**Dataset records**
───

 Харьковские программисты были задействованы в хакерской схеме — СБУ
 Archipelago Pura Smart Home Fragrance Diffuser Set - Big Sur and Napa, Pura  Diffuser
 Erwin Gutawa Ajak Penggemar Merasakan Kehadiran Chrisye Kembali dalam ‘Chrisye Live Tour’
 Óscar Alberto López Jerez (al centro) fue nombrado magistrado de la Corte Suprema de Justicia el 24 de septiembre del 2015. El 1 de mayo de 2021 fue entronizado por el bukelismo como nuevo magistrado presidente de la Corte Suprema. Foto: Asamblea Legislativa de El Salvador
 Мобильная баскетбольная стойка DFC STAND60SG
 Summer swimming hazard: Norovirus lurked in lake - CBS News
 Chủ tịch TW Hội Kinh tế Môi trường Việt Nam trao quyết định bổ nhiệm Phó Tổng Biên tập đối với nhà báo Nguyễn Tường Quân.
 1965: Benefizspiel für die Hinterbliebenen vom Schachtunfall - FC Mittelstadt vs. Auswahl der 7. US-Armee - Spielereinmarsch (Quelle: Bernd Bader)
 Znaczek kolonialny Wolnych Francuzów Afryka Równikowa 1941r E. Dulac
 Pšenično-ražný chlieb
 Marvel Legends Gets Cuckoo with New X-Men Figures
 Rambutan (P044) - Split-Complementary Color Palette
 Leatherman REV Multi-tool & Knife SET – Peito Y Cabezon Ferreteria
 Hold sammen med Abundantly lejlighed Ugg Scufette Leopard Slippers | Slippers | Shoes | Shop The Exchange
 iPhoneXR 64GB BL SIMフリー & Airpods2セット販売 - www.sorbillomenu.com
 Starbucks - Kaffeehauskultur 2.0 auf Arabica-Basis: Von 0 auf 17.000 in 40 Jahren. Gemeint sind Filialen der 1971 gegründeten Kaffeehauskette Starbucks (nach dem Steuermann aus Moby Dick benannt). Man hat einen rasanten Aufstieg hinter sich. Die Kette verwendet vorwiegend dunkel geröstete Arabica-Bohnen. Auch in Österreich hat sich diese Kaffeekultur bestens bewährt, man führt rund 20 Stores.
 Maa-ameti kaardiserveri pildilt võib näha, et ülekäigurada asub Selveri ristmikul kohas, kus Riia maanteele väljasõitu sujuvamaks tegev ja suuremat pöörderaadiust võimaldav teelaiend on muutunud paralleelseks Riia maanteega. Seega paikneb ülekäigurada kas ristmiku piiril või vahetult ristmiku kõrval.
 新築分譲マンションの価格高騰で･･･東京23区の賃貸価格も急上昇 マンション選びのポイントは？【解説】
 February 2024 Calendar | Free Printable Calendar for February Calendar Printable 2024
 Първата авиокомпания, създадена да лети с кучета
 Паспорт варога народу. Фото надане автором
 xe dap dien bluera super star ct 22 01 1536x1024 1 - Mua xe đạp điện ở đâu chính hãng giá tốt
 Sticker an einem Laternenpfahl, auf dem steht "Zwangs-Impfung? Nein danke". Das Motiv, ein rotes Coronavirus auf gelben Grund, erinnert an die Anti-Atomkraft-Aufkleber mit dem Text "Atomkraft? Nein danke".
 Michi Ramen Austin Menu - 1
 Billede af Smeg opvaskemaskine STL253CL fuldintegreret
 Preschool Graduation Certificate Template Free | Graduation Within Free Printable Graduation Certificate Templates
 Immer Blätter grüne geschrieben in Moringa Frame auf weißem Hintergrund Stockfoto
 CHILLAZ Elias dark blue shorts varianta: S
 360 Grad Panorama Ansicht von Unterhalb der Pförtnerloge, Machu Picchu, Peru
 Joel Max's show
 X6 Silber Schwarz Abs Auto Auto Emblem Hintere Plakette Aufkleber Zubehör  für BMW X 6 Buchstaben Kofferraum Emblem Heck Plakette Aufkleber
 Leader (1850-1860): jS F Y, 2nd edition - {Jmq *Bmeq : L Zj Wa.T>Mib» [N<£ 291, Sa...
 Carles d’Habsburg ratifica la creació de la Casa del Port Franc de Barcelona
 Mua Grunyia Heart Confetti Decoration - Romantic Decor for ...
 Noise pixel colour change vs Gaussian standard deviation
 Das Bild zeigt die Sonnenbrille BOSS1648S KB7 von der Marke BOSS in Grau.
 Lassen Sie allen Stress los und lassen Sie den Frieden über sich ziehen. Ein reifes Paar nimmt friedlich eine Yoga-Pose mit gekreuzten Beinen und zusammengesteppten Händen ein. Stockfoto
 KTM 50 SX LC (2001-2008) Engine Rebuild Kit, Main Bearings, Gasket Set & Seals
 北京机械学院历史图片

───

**Task instructions**
Your answer should be the exact lines above from the one with "Marvel Legends Gets" through the one with "Michi Ramen Austin Menu - 1", both included, and nothing besides.

**Your solution**
 Marvel Legends Gets Cuckoo with New X-Men Figures
 Rambutan (P044) - Split-Complementary Color Palette
 Leatherman REV Multi-tool & Knife SET – Peito Y Cabezon Ferreteria
 Hold sammen med Abundantly lejlighed Ugg Scufette Leopard Slippers | Slippers | Shoes | Shop The Exchange
 iPhoneXR 64GB BL SIMフリー & Airpods2セット販売 - www.sorbillomenu.com
 Starbucks - Kaffeehauskultur 2.0 auf Arabica-Basis: Von 0 auf 17.000 in 40 Jahren. Gemeint sind Filialen der 1971 gegründeten Kaffeehauskette Starbucks (nach dem Steuermann aus Moby Dick benannt). Man hat einen rasanten Aufstieg hinter sich. Die Kette verwendet vorwiegend dunkel geröstete Arabica-Bohnen. Auch in Österreich hat sich diese Kaffeekultur bestens bewährt, man führt rund 20 Stores.
 Maa-ameti kaardiserveri pildilt võib näha, et ülekäigurada asub Selveri ristmikul kohas, kus Riia maanteele väljasõitu sujuvamaks tegev ja suuremat pöörderaadiust võimaldav teelaiend on muutunud paralleelseks Riia maanteega. Seega paikneb ülekäigurada kas ristmiku piiril või vahetult ristmiku kõrval.
 新築分譲マンションの価格高騰で･･･東京23区の賃貸価格も急上昇 マンション選びのポイントは？【解説】
 February 2024 Calendar | Free Printable Calendar for February Calendar Printable 2024
 Първата авиокомпания, създадена да лети с кучета
 Паспорт варога народу. Фото надане автором
 xe dap dien bluera super star ct 22 01 1536x1024 1 - Mua xe đạp điện ở đâu chính hãng giá tốt
 Sticker an einem Laternenpfahl, auf dem steht "Zwangs-Impfung? Nein danke". Das Motiv, ein rotes Coronavirus auf gelben Grund, erinnert an die Anti-Atomkraft-Aufkleber mit dem Text "Atomkraft? Nein danke".
 Michi Ramen Austin Menu - 1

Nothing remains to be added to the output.